If you insist to have a bijection, here is one. Your set $S$ is the set of all binary infinite words containing no factor $11$. Any such word can be uniquely written as an infinite word on the alphabet $\{0, 10\}$, that is, $S = \{0, 10\}^\omega$. For instance, $$0100100010010(100)^\omega = \color{blue}{0}\color{red}{10}\color{blue}{0}\color{red}{10}\color{blue}{0}\color{blue}{0}\color{red}{10}0\color{red}{10}(\color{red}{10}\color{blue}{0})^\omega$$

It follows that the map from $\{0,1\}^\omega \to S$ consisting to replace every $1$ by $\color{red}{10}$ is a bijection.
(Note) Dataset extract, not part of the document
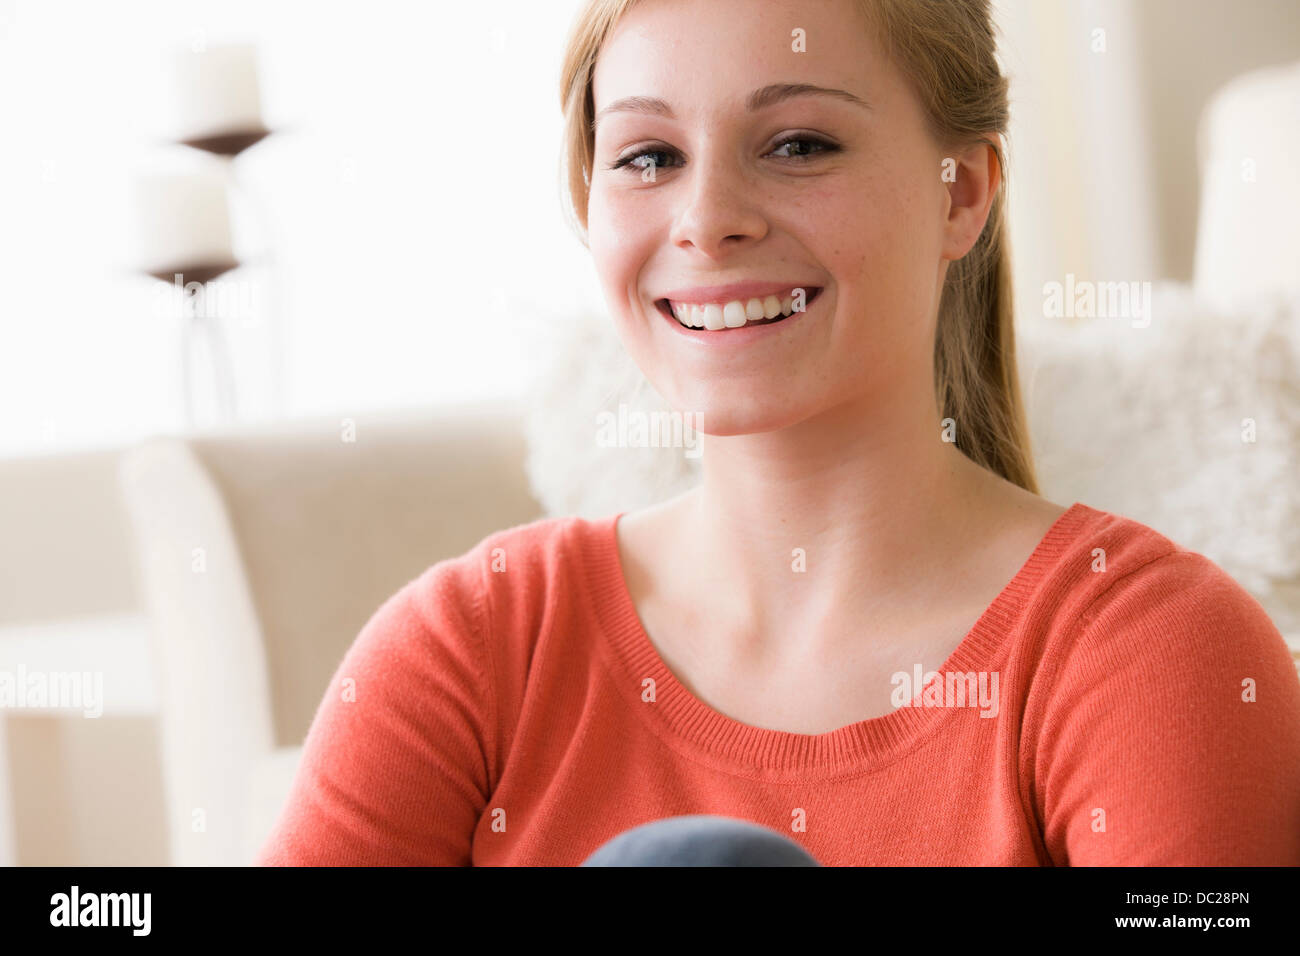 Portrait of confident teenage girl smiling Stock Photo

No need of the Cantor-Bernstein-Schroeder theorem.


You can explicitly write an injective function from the set of all binary sequences to the set you are considering: just map every sequence to one with $0$ inserted in every other position.

So no, this is definitely not countable.


Your set has an uncountable subset: consider the infinite sequences of $a$ and $b$ where $a=10$ and $b=00$, the set of these sequences has the same cardinality of the set of sequences of $0$ and $1$ (just map $a \mapsto 0$ and $b \mapsto 1$), and it is is clearly a subset of your set.